* **Task statement**
Identical copies of all the records below are needed.

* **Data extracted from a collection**
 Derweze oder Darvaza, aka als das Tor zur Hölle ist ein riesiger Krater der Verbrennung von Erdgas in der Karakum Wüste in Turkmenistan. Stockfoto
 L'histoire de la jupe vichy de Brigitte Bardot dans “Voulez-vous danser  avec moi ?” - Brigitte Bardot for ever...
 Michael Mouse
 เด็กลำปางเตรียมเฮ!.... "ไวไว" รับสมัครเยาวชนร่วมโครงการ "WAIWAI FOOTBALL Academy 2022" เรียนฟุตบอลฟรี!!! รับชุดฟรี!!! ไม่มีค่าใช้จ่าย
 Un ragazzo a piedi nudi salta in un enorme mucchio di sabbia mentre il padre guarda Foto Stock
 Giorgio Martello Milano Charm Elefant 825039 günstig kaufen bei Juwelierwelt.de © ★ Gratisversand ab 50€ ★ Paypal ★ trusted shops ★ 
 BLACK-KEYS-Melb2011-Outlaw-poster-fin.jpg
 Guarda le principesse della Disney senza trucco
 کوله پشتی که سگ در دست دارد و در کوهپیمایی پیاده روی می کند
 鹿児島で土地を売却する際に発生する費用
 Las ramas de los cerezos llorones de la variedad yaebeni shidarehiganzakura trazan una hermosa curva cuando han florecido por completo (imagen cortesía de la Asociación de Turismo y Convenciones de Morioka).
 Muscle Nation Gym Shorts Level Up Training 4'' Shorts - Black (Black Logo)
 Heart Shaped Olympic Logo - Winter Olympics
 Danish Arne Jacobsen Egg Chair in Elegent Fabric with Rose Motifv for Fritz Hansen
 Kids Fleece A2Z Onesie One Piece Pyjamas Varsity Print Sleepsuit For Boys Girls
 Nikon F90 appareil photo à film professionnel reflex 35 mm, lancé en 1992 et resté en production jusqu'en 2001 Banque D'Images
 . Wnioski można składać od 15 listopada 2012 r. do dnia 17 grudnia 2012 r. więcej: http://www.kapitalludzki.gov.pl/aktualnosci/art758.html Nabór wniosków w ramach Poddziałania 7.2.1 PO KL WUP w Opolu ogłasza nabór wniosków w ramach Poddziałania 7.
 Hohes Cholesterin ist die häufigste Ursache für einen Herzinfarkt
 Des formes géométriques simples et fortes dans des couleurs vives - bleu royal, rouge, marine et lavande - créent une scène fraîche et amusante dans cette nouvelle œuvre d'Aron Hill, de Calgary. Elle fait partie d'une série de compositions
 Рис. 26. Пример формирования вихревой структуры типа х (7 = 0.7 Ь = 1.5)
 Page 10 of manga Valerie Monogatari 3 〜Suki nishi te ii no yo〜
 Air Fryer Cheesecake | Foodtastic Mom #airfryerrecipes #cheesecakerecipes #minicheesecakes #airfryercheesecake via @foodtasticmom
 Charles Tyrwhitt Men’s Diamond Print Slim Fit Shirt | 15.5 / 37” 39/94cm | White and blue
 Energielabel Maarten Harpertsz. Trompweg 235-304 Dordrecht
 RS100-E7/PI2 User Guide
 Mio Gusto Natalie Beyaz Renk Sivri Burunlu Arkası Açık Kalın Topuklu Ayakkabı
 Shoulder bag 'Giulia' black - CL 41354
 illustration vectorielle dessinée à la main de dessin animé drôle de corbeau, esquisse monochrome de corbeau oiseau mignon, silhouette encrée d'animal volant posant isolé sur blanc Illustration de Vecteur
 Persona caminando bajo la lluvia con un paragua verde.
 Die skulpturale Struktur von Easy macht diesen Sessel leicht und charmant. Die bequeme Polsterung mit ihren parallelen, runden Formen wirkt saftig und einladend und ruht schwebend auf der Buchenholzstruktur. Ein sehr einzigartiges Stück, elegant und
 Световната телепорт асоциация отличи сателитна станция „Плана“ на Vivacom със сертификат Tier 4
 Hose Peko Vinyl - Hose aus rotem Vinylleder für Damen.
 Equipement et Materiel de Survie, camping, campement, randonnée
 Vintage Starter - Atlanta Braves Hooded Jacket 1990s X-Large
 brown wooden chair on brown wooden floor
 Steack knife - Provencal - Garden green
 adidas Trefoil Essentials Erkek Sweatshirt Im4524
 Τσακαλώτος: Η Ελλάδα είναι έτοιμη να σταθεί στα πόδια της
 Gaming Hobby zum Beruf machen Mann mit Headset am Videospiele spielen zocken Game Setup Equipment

* **Solution to the problem**
 Derweze oder Darvaza, aka als das Tor zur Hölle ist ein riesiger Krater der Verbrennung von Erdgas in der Karakum Wüste in Turkmenistan. Stockfoto
 L'histoire de la jupe vichy de Brigitte Bardot dans “Voulez-vous danser  avec moi ?” - Brigitte Bardot for ever...
 Michael Mouse
 เด็กลำปางเตรียมเฮ!.... "ไวไว" รับสมัครเยาวชนร่วมโครงการ "WAIWAI FOOTBALL Academy 2022" เรียนฟุตบอลฟรี!!! รับชุดฟรี!!! ไม่มีค่าใช้จ่าย
 Un ragazzo a piedi nudi salta in un enorme mucchio di sabbia mentre il padre guarda Foto Stock
 Giorgio Martello Milano Charm Elefant 825039 günstig kaufen bei Juwelierwelt.de © ★ Gratisversand ab 50€ ★ Paypal ★ trusted shops ★ 
 BLACK-KEYS-Melb2011-Outlaw-poster-fin.jpg
 Guarda le principesse della Disney senza trucco
 کوله پشتی که سگ در دست دارد و در کوهپیمایی پیاده روی می کند
 鹿児島で土地を売却する際に発生する費用
 Las ramas de los cerezos llorones de la variedad yaebeni shidarehiganzakura trazan una hermosa curva cuando han florecido por completo (imagen cortesía de la Asociación de Turismo y Convenciones de Morioka).
 Muscle Nation Gym Shorts Level Up Training 4'' Shorts - Black (Black Logo)
 Heart Shaped Olympic Logo - Winter Olympics
 Danish Arne Jacobsen Egg Chair in Elegent Fabric with Rose Motifv for Fritz Hansen
 Kids Fleece A2Z Onesie One Piece Pyjamas Varsity Print Sleepsuit For Boys Girls
 Nikon F90 appareil photo à film professionnel reflex 35 mm, lancé en 1992 et resté en production jusqu'en 2001 Banque D'Images
 . Wnioski można składać od 15 listopada 2012 r. do dnia 17 grudnia 2012 r. więcej: http://www.kapitalludzki.gov.pl/aktualnosci/art758.html Nabór wniosków w ramach Poddziałania 7.2.1 PO KL WUP w Opolu ogłasza nabór wniosków w ramach Poddziałania 7.
 Hohes Cholesterin ist die häufigste Ursache für einen Herzinfarkt
 Des formes géométriques simples et fortes dans des couleurs vives - bleu royal, rouge, marine et lavande - créent une scène fraîche et amusante dans cette nouvelle œuvre d'Aron Hill, de Calgary. Elle fait partie d'une série de compositions
 Рис. 26. Пример формирования вихревой структуры типа х (7 = 0.7 Ь = 1.5)
 Page 10 of manga Valerie Monogatari 3 〜Suki nishi te ii no yo〜
 Air Fryer Cheesecake | Foodtastic Mom #airfryerrecipes #cheesecakerecipes #minicheesecakes #airfryercheesecake via @foodtasticmom
 Charles Tyrwhitt Men’s Diamond Print Slim Fit Shirt | 15.5 / 37” 39/94cm | White and blue
 Energielabel Maarten Harpertsz. Trompweg 235-304 Dordrecht
 RS100-E7/PI2 User Guide
 Mio Gusto Natalie Beyaz Renk Sivri Burunlu Arkası Açık Kalın Topuklu Ayakkabı
 Shoulder bag 'Giulia' black - CL 41354
 illustration vectorielle dessinée à la main de dessin animé drôle de corbeau, esquisse monochrome de corbeau oiseau mignon, silhouette encrée d'animal volant posant isolé sur blanc Illustration de Vecteur
 Persona caminando bajo la lluvia con un paragua verde.
 Die skulpturale Struktur von Easy macht diesen Sessel leicht und charmant. Die bequeme Polsterung mit ihren parallelen, runden Formen wirkt saftig und einladend und ruht schwebend auf der Buchenholzstruktur. Ein sehr einzigartiges Stück, elegant und
 Световната телепорт асоциация отличи сателитна станция „Плана“ на Vivacom със сертификат Tier 4
 Hose Peko Vinyl - Hose aus rotem Vinylleder für Damen.
 Equipement et Materiel de Survie, camping, campement, randonnée
 Vintage Starter - Atlanta Braves Hooded Jacket 1990s X-Large
 brown wooden chair on brown wooden floor
 Steack knife - Provencal - Garden green
 adidas Trefoil Essentials Erkek Sweatshirt Im4524
 Τσακαλώτος: Η Ελλάδα είναι έτοιμη να σταθεί στα πόδια της
 Gaming Hobby zum Beruf machen Mann mit Headset am Videospiele spielen zocken Game Setup Equipment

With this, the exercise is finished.